* Instructions to follow *
Take the listing below and write it out again exactly, skipping any picture that it holds.

* Data block *
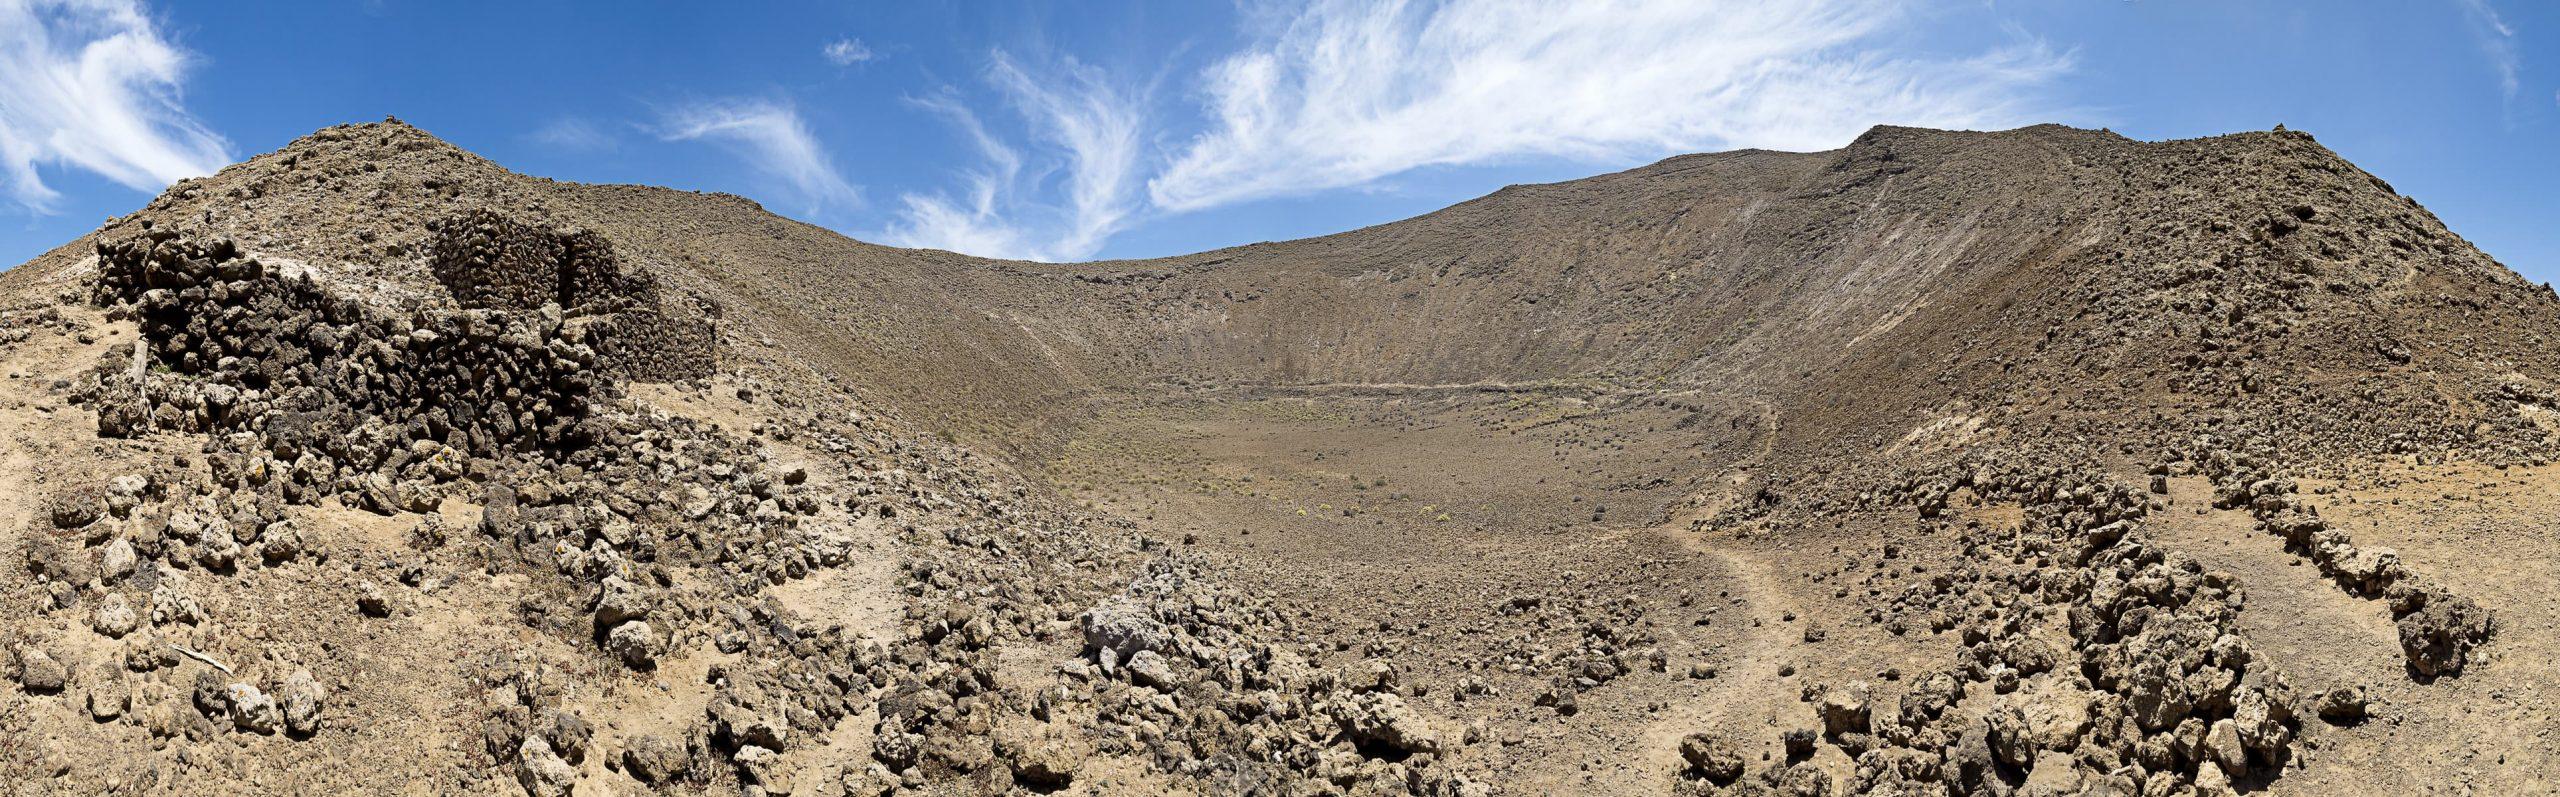 Utforska det vulkaniska undret Caldera Blanca på Lanzarote
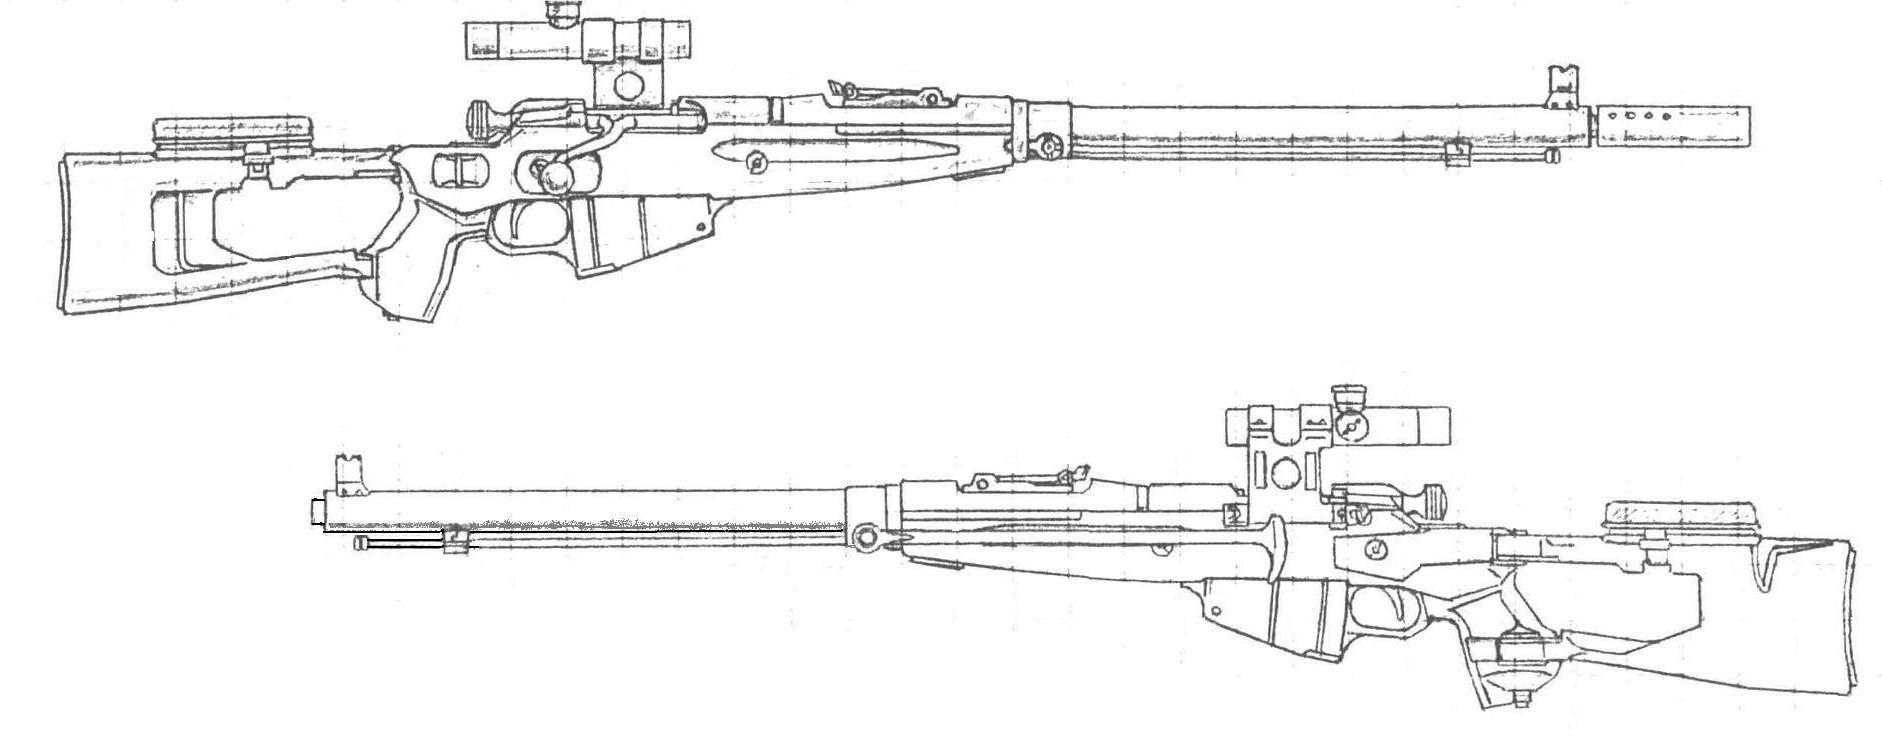 чертеж awp снайперской винтовки для дерева фото 116
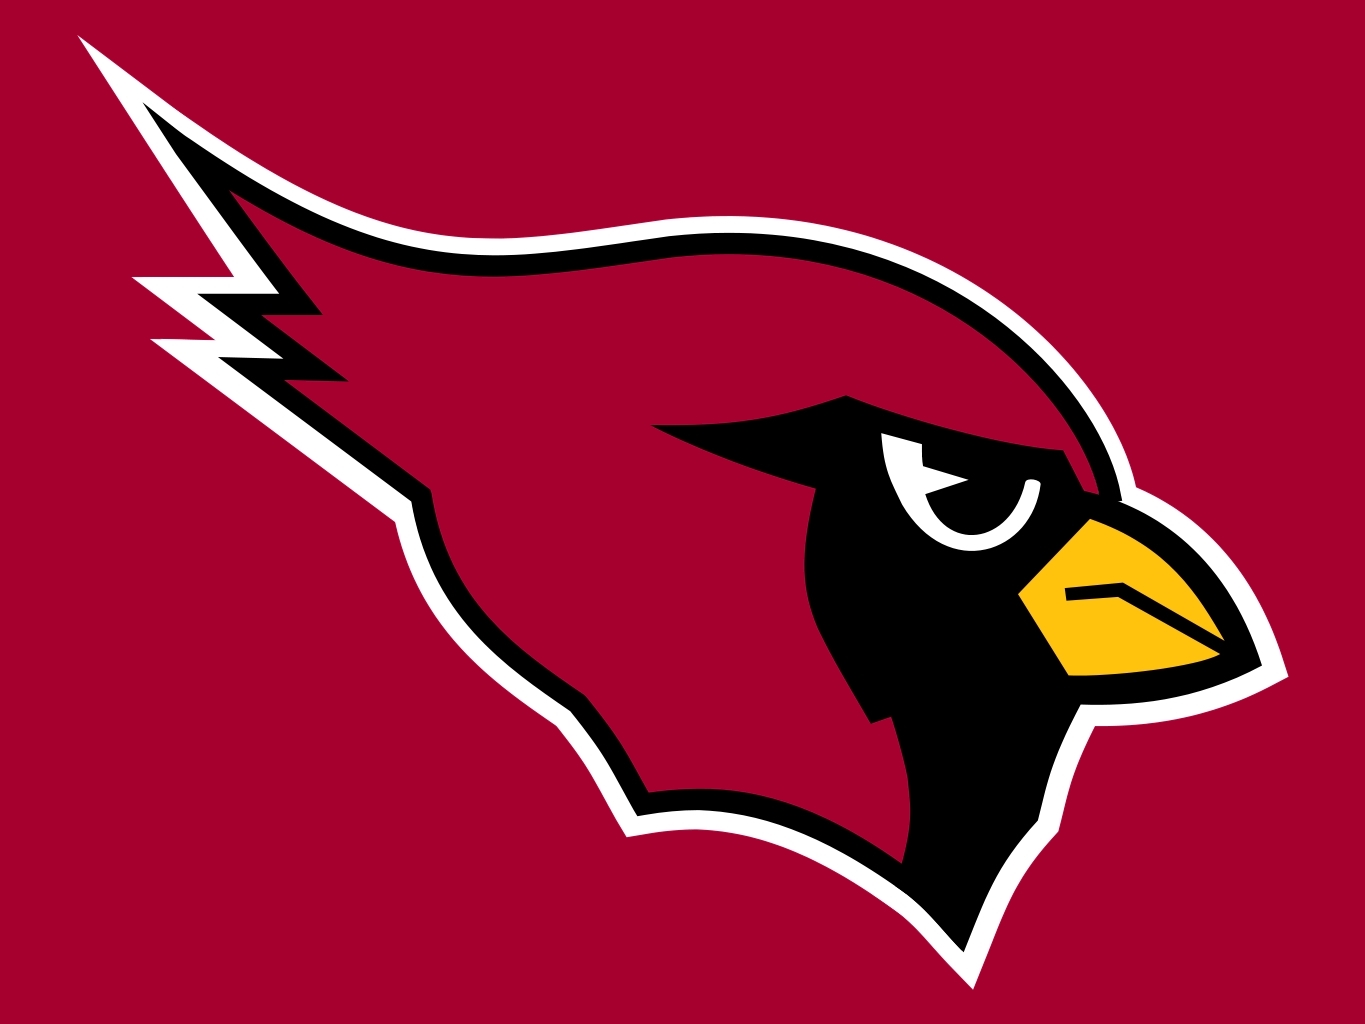 1988 Phoenix Cardinals season - Wikipedia

* Written reply *
 Utforska det vulkaniska undret Caldera Blanca på Lanzarote
 чертеж awp снайперской винтовки для дерева фото 116
 1988 Phoenix Cardinals season - Wikipedia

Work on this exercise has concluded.